I learned an important truth and a little update

I have often used the expression ‘there is good news and bad news’. It is handy for humor and irony, but I am thinking it is really not accurate when we are talking about God’s role in our lives. Everything that comes to pass is from an all-powerful and good God who is accomplishing His purposes in our lives. So really, all the news is good because it is a report of God working out His purposes. More accurately if we want to talk about this dichotomy of experience, we should say there is ‘pleasant news and uncomfortable news’.

In our reading this morning we came to 1 Thessalonians 5:18 ‘In everything give thanks: for this is the will of God in Christ Jesus concerning you.’ This is a fun passage to preach from, but I shall refrain from that. However, it strikes me that all of God’s purposes are part of our experiencing being in Christ. Also, while it is God’s will that we give thanks for everything, it is not a gritting of our teeth and being thankful for things where we think we are helpless victims of fate or bad luck. Instead, the everything is also God’s will for us.
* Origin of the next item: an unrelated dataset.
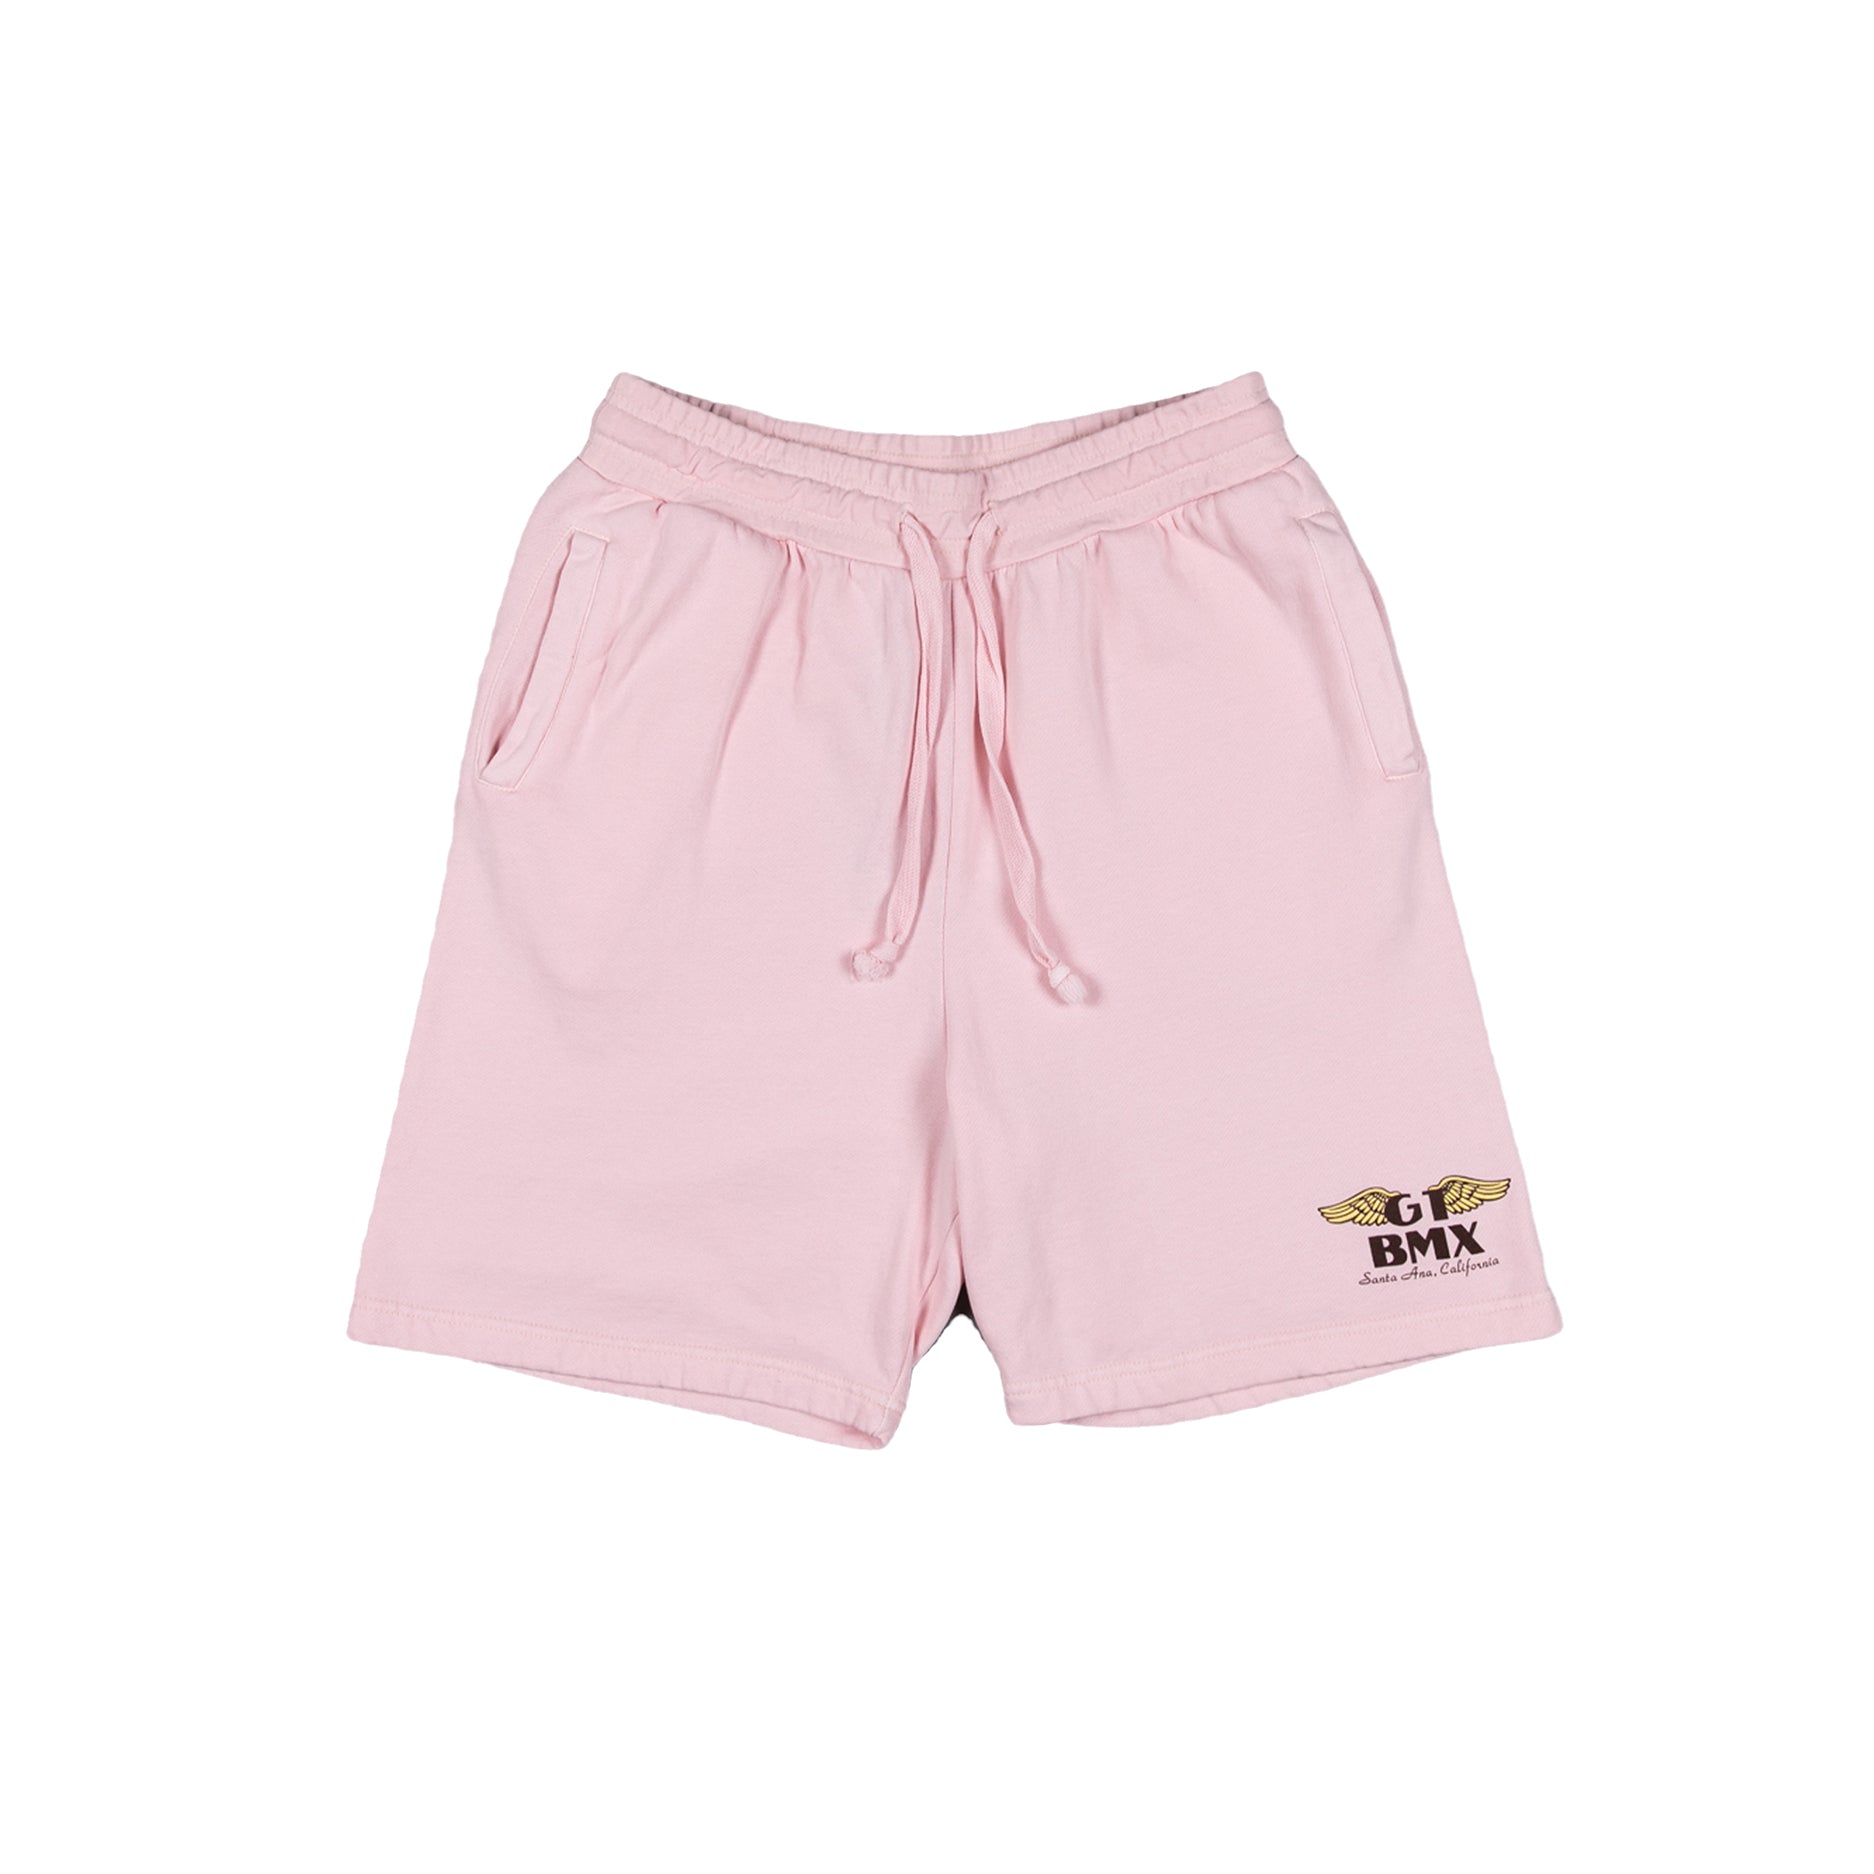 GT Wings Sweat Shorts - Pink Clay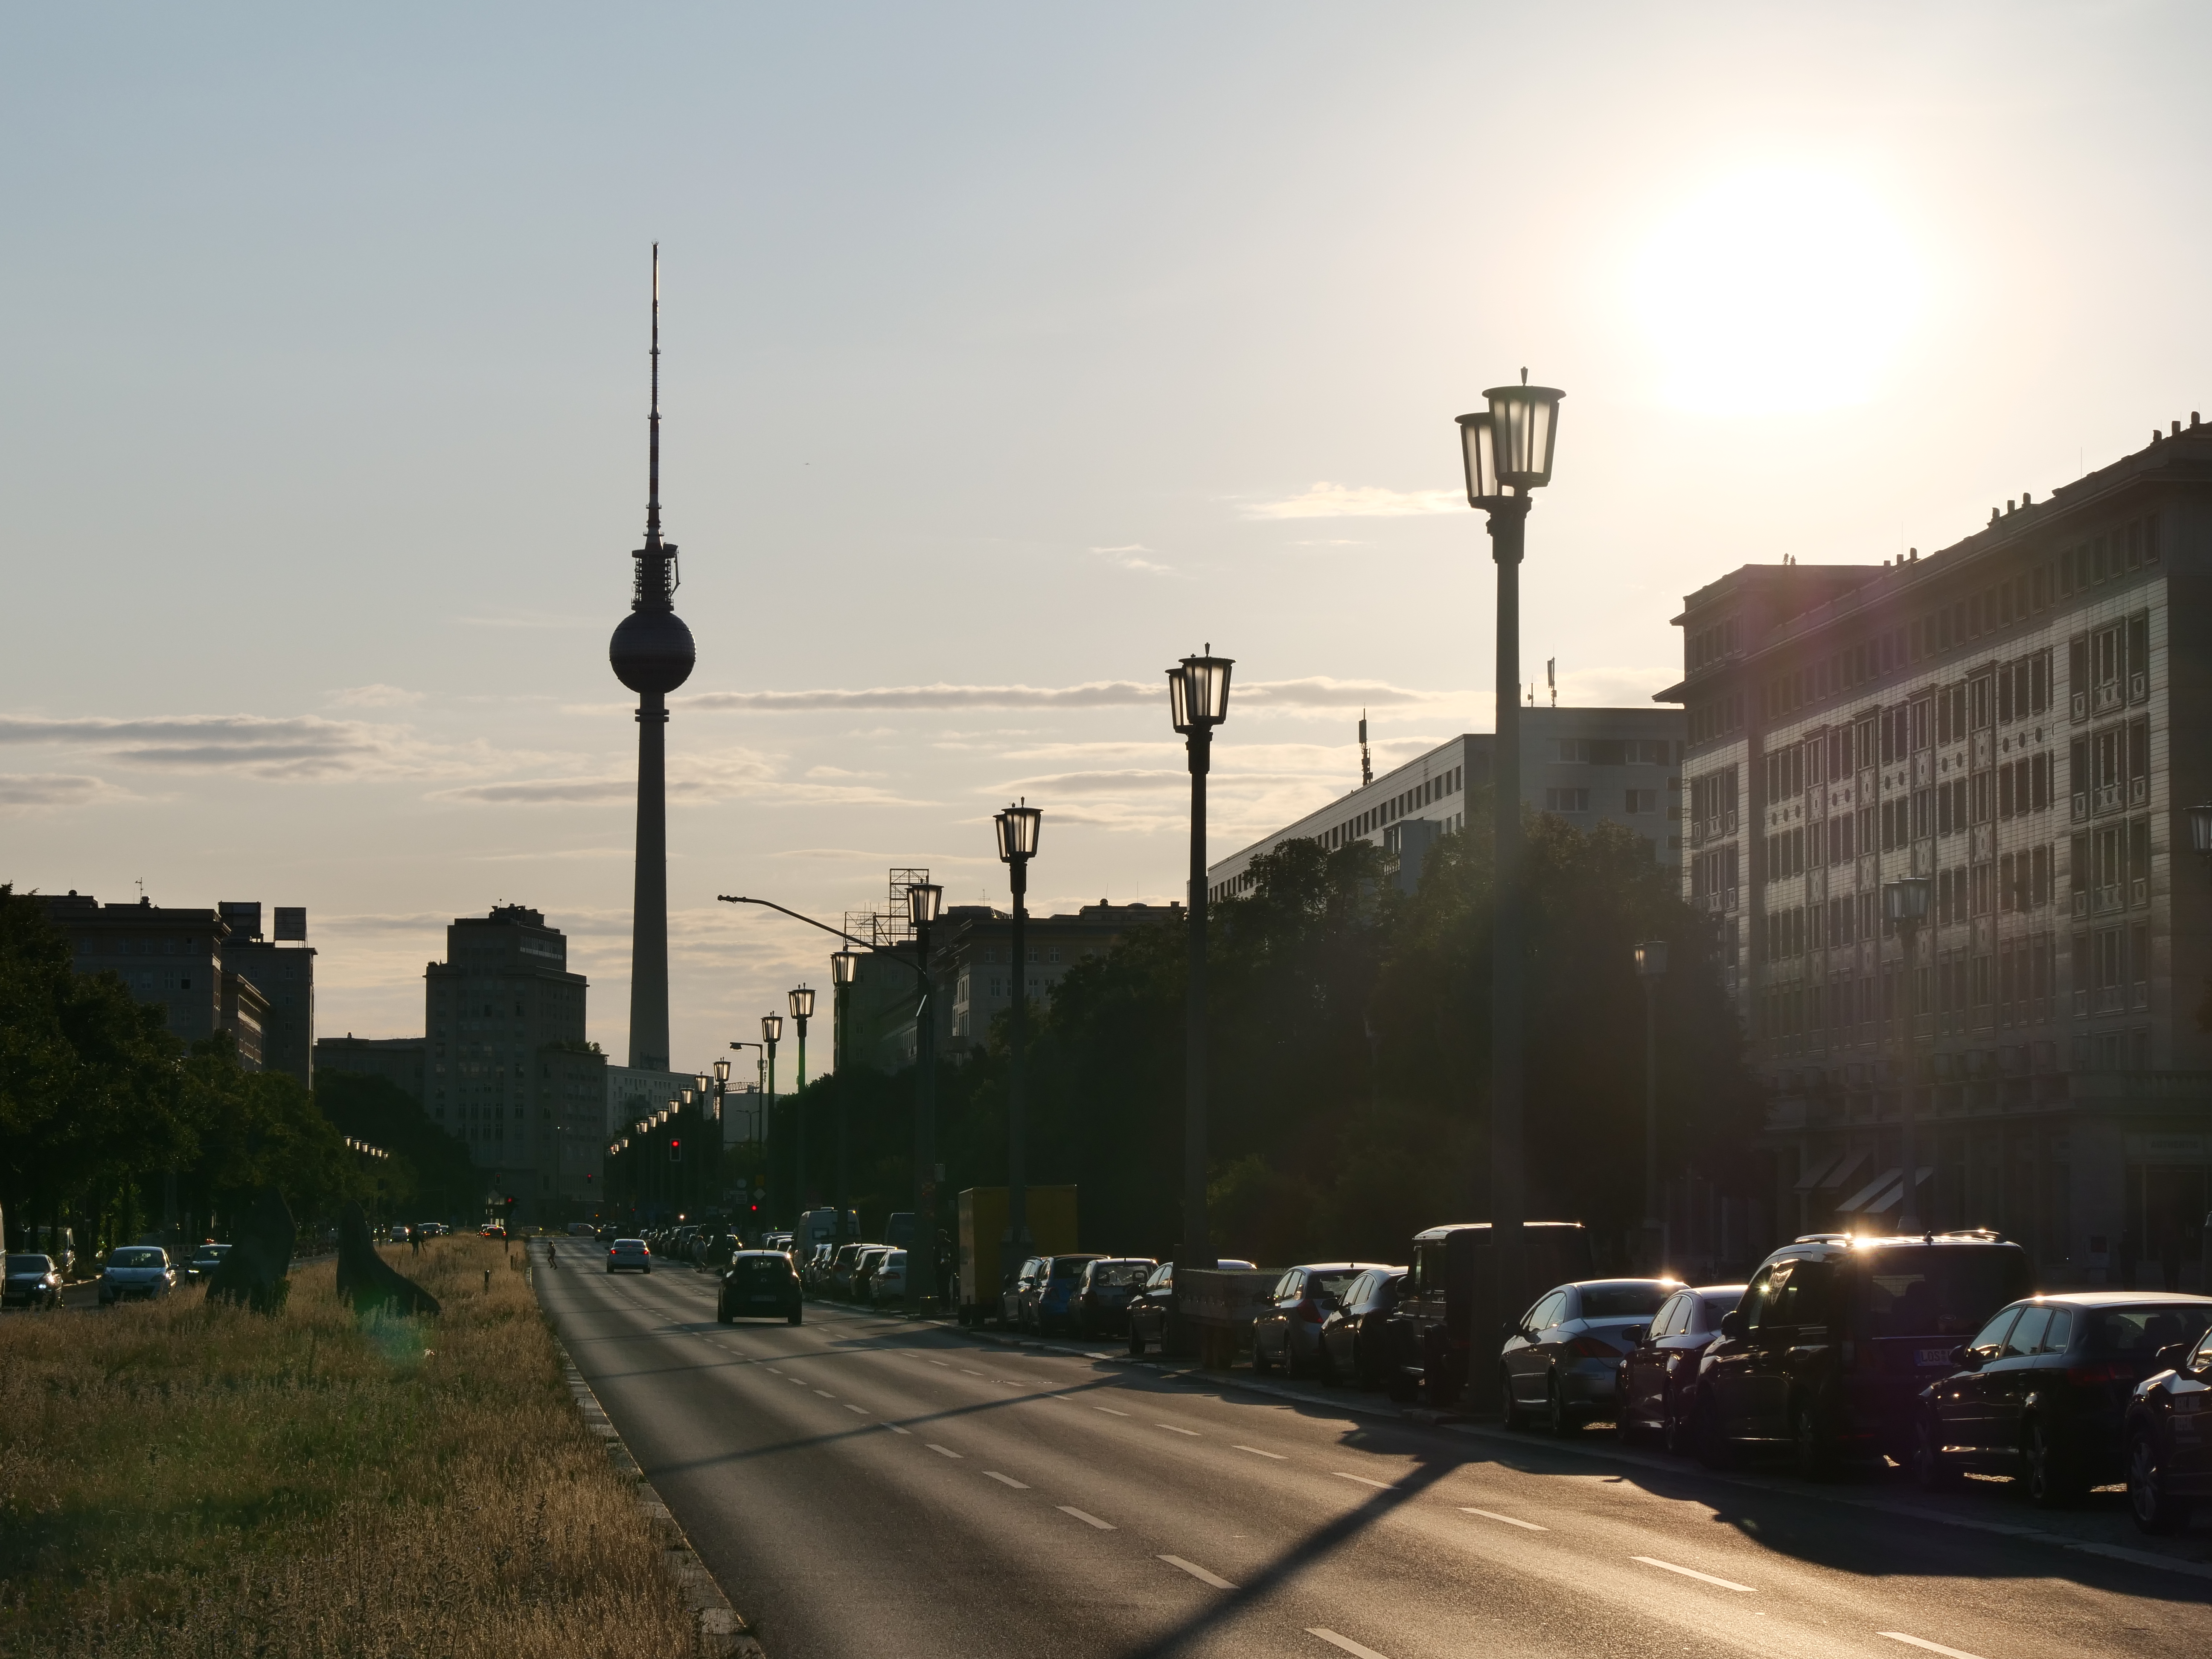 A Berlin street in the shadow of sunset. The television tower can be seen in the background with the cityscape.

So, that was an extended introduction to our next report. The pleasant news is that I do not have to have surgery. As I have mentioned before, I was really not looking forward to it, and as it turns out I will be spared from it. The uncomfortable news is that as the surgeon reviewed the MRI he observed there was a large tumor that had apparently extended into a major muscle. Because of that and the stage of the cancer he did not think that surgery would be curative. His recommendation was hormone therapy and radiation therapy. I have begun the hormone therapy which is merely an uncomfortable and expensive shot every six months for the next two years. That shot is meant to starve and weaken the tumor and after a minimum of 6 weeks we move to the next step on February 9th. This is a small operation to place a spacer between the tumor and healthy tissue and insert gold markers that will be used for targeting the radiation precisely. The week after that will be a longer visit where positioning molds will be made, CAT Scans done, and a final targeting plan decided upon. The following week will begin 44 days of radiation treatment: five days a week for nine weeks.